One of my favorite scenes of all-time in Columbo series was the Dr Mayfield scene. It is precisely because he rarely gets angry that the scene is so jarring. I would like the anger scenes less if he did it all the time. In fact, I can only think of three scenes where he lost his cool in the entire series.
Two of my favorite scenes are the scenes in a Stitch in Crime and Exercise when he loses his cool. If he got angry on a regular basis these scenes would not have stood out. Hey give the guy a break, he is a homicide detective in what was then the third largest city in the US. Not an easy occupation and one that was filled with a great deal of stress.

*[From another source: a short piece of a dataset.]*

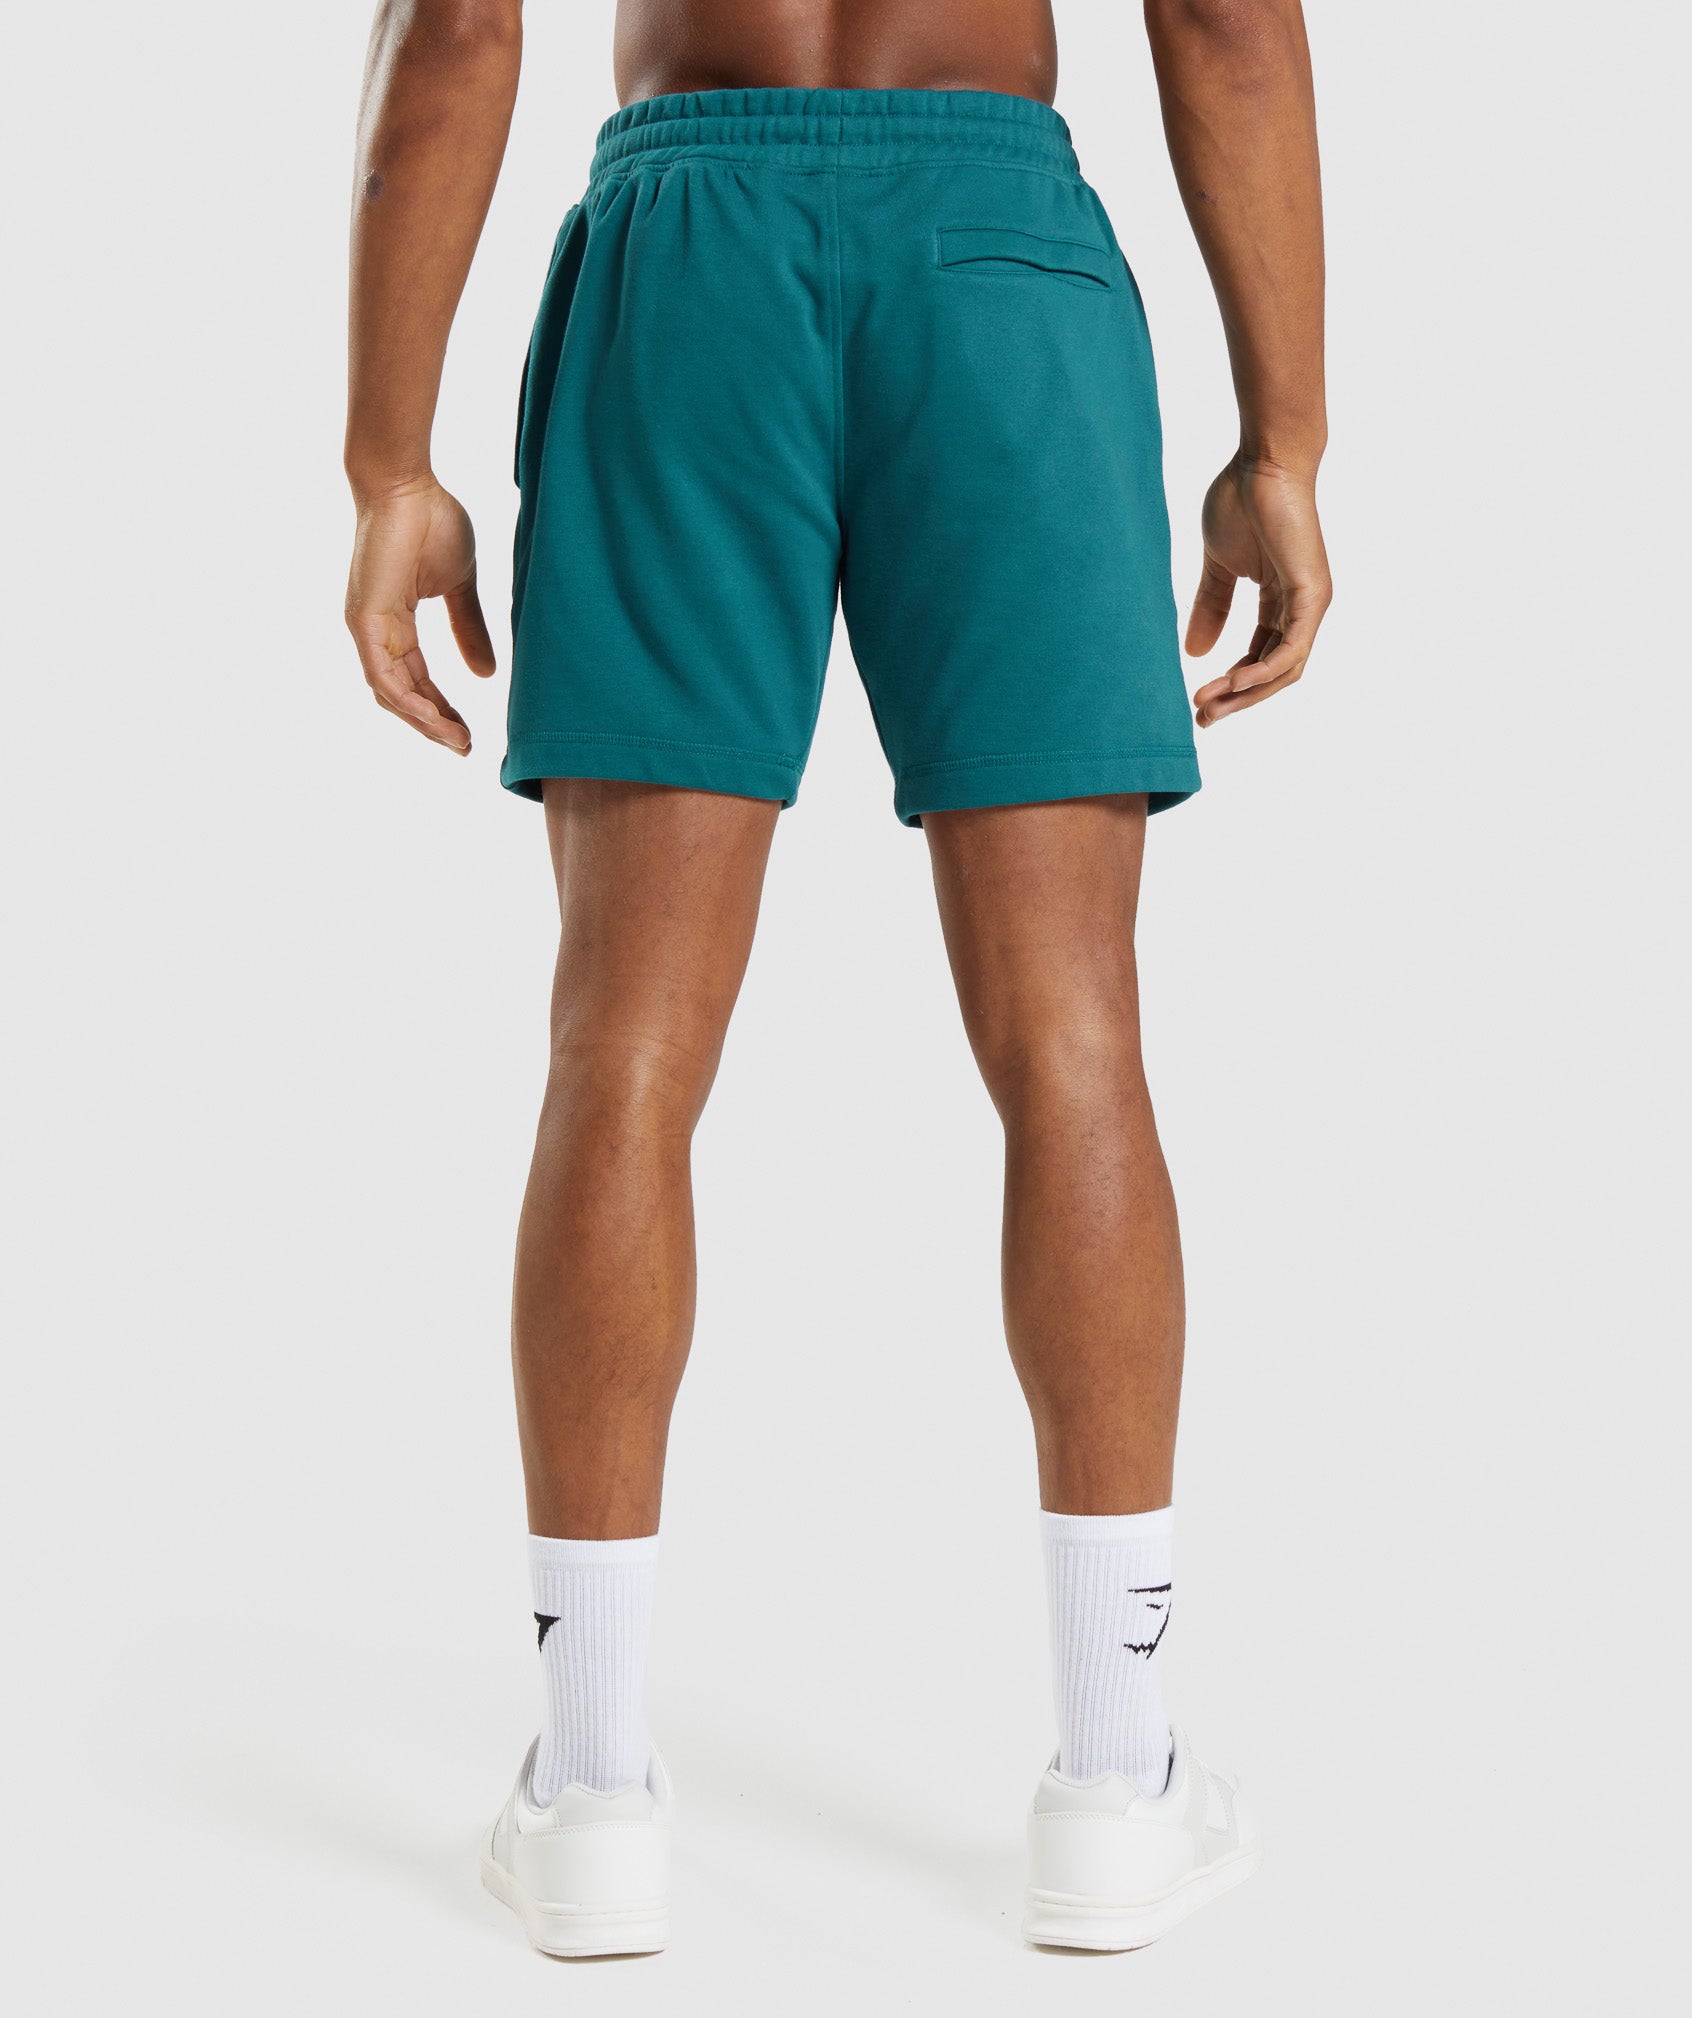 GSLC Shorts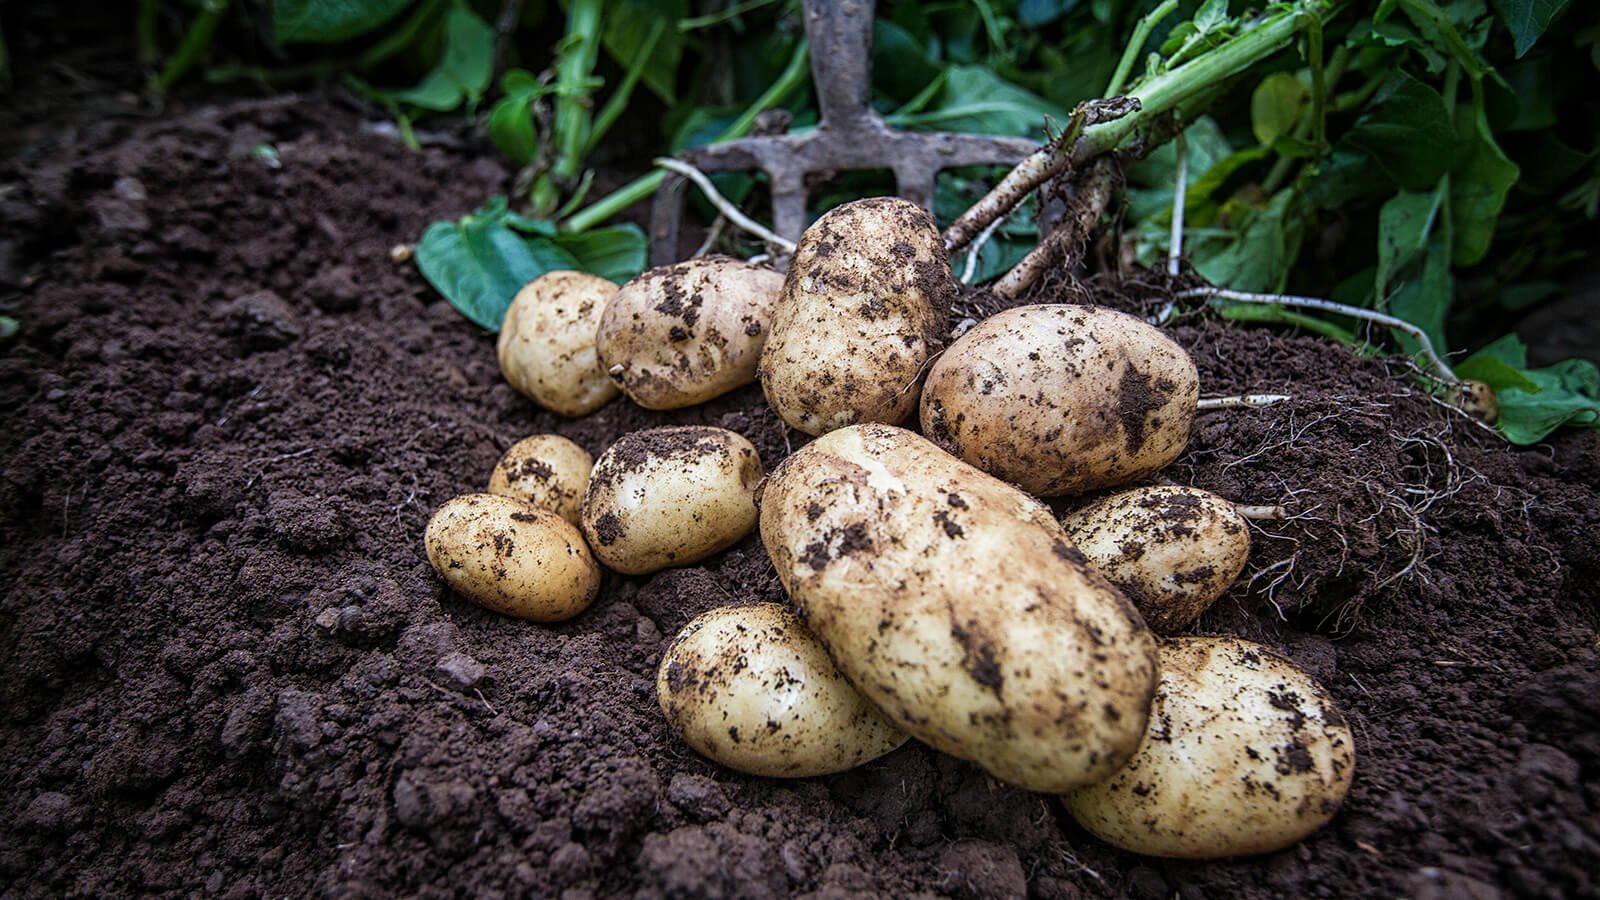 Freshly dug potatoes in Ireland

He is entitled to show anger especially when two individual's lives are in peril.
I think that many of us would have "lost it" much worse than Columbo when dealing with slime like Mayfield and Janus.
There are a small number of times that he at least gets inpatient (not furious) with someone who isn't the killer or connected with the killer. Like Richard Stahl's travel agent character in MOST CRUCIAL GAME. Of course, there's the little sub-plot that his feet are giving him trouble, so that explains it.
I like the roommate in A Stitch In Time: "She was other-directed I was inner -directed and I selfishly enjoy being with upper middle class people", etc. Columbo hasn't slept well and he's exhausted and the roommate is going a mile a minute.
Two of my favorite scenes are the scenes in a Stitch in Crime and Exercise when he loses his cool. If he got angry on a regular basis these scenes would not have stood out. Hey give the guy a break, he is a homicide detective in what was then the third largest city in the US. Not an easy occupation and one that was filled with a great deal of stress. He is entitled to show anger especially when two individual's lives are in peril.
I think that many of us would have "lost it" much worse than Columbo when dealing with slime like Mayfield and Janus.
The difference being of course that we're dissecting scripts involved in dealing with inventive and wealthy perpetrators, not the unpredictable and amoral actions of street drug users carrying loaded weapons.
We have to remember that we are analyzing a TV show, not the facts constructed around the notion of a real life. However, that sort of unbridled belief is the very reason why we all adore Hollywood-contrived characters like Columbo, ain't it? I mean, of what good would devotion be without it?